RFLP map position of the casein kinase 2 (CK-2) m subunit in maize
--Hanten, J; Edwards, M; Warner, T; Boldyreff, B and Issinger, O-G
Casein kinase 2 (CK-2) is a ubiquitous and multifunctional serine/threonine specific protein kinase that has been implicated in the control of cell growth and proliferation. CK-2 has been characterized extensively in animals and has been shown to phosphorylate various protein substrates including RNA polymerases, topisomerases, oncoproteins, and certain receptor proteins. In plants, less is known about the substrates of CK-2. The subunit composition of CK-2 in animals is m, m', and p with molecular weights of 42, 38, and 28 kDa, respectively. The holoenzyme is comprised of a tetramer consisting of m, m', and p2. Two CK-2-like enzymes have been isolated in maize, CKIIA and CKIIB, with reported molecular weights of 135 and 39 kDa respectively (Dobrowolska et al., Eur. J. Biochem. 204:299-303, 1992).
To confirm the presence of a CK-2 m gene in maize, a maize cDNA library was screened with oligonucleotide probes specific for conserved regions of the animal CK-2 m. A clone was isolated which exhibited a 75% protein sequence homology to the human CK-2 m (Dobrowolska et al., BBA 1129:139-140, 1991). This clone was expressed in Escherichia coli with a reported molecular weight of 39 kDa and designated as recombinant maize CK-2 m (rmCK-2 m) (Boldyreff et al., BBA 1173:32-38, 1993). This work has demonstrated that the rmCK-2 m is functionally similar to the recombinant human CK-2 m (rhCK-2 m) in several respects. First, the rmCK-2 m was shown to be immunologically similar to the rhCK-2 m by western analysis with affinity purified polyclonal and monoclonal anti-human CK-2 m antibodies. Second, the rmCK-2 m self assembles with the rhCK-2 p to form a complex which sediments at the same position as the native mammalian CK-2 holoenzyme. Third, similar phosphorylation profiles are exhibited between rmCK-2 m and rhCK-2 m when different substrates and various polyamines are assayed.

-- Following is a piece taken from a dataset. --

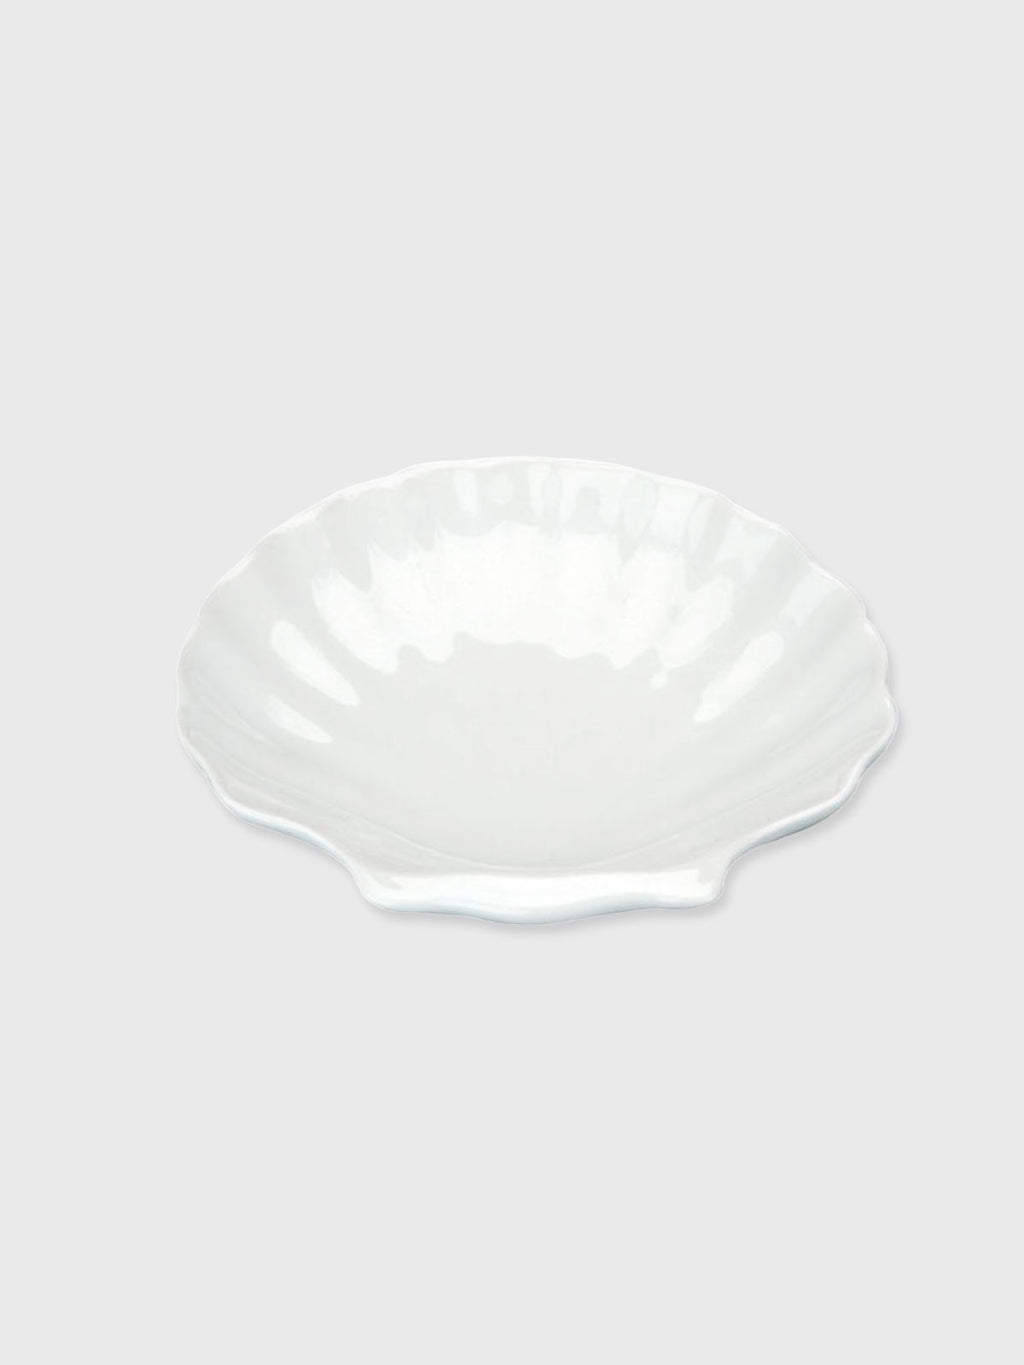 Ceramic Scallop Dish - White

Maize CK-2 m was characterized in a RFLP mapping population to establish its chromosomal map position. It was anticipated that this information would be useful in determining linkage and homology among other maize casein kinase-like genes as they become mapped. An 896bp portion of the maize CK-2 m open reading frame was mapped by RFLP in a F2 population with 200 individuals using 68 polymorphic markers spread over the genome. It was determined with MAPMAKER IBM version 3.0b that maize CK-2 m was located on the long arm of chromosome 2 (2L) approximately 9.6 centimorgans (cM) distal from umc36. In a selfed population with 300 individuals using 108 polymorphic markers, the maize CK-2 m probe mapped again on chromosome 2L, 4.9 cM distal from umc36. A secondary polymorphism mapped to the short arm of chromosome 4 (4S), 4.5 cM proximal to bnl5.46. It is not clear what degree of homology exists at chromosome 4S, but it is possible that this secondary sequence arose via chromosomal duplication, a well characterized feature of the maize genome (Helentjaris et al., Genetics 118:353-363, 1988). It is also possible that another casein kinase-like enzyme or a distinctly different enzyme within the maize genome share homology with maize CK-2 m.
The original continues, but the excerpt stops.